Est-ce les années passant et les conséquences en résultant pour moi au plan physique et psychologique mais je suis de plus en plus édifié par la multiplication de ces situations prétendument urgentes où la précipitation, telle une évidence, semble convenue comme le principal moteur nécessaire à leur résolution.
Pourtant, chacune et chacun d’entre nous connaît depuis sa prime jeunesse ce dicton maintes fois répété par des éducateurs bien intentionnés : « Il ne faut pas confondre vitesse et précipitation ». Autrement dit, face à l’urgence, devons-nous faire preuve de précipitation ou, étonnamment, de patience ?

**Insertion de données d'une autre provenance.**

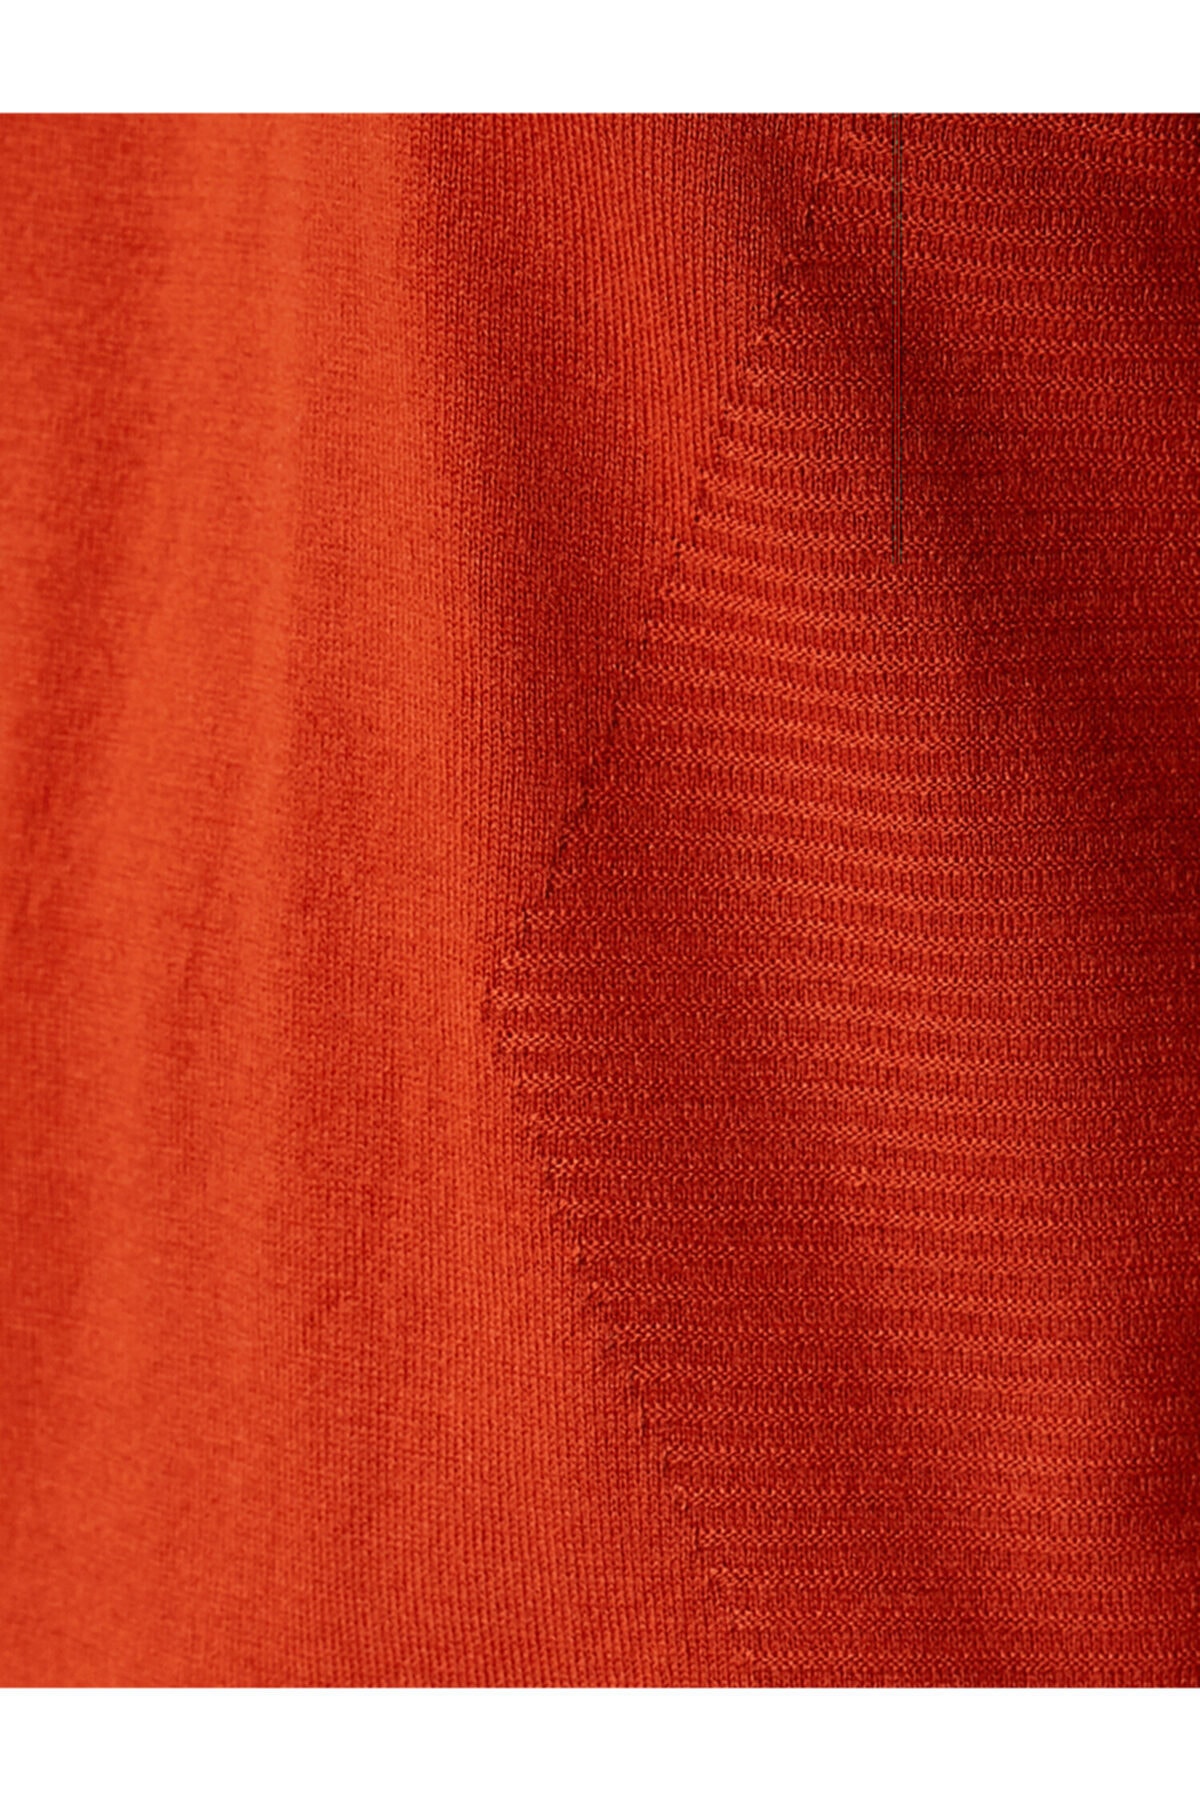 Koton Pullover Orange Regular Fit Fast ausverkauft

L’univers de l’immédiateté
Il est édifiant de constater combien le temps semble s’être rétréci en l’espace de quelques décennies seulement. Comme si nous avions lavé notre linge existentiel à une température trop élevée. Plus que jamais, la théorie de la relativité proposée par Einstein trouve là toute sa pertinence. Rappelons-nous toutefois que ce célébrissime savant évoquait plus la notion d’élasticité que de rétrécissement. Y aurait-il donc des conditions qui prévaudraient à une temporalité à géométrie variable ? Et, par conséquent, si tel était le cas, l’Homme en serait-il parfois l’auteur ou seulement la victime expiatoire ?
Vastes questions me direz-vous qu’il me semble pourtant important d’évoquer, tant leurs conséquences sont multiples, du plus ponctuel et insignifiant de nos actes à la plus durable et impactante de nos décisions.
Bien évidemment, vous aurez compris qu’il n’est pas question pour moi de prolonger ce propos scientifique dans sa teneur cartésienne mais plutôt de le réutiliser sous forme de métaphore dans le champ des sciences sociales.
Il est incroyable de constater qu’au cours du XXème siècle, l’espérance de vie moyenne en Europe occidentale a quasiment doublé. Et pourtant, jamais le sentiment désagréable de devoir en permanence courir après le temps n’a été ressenti par autant de personnes.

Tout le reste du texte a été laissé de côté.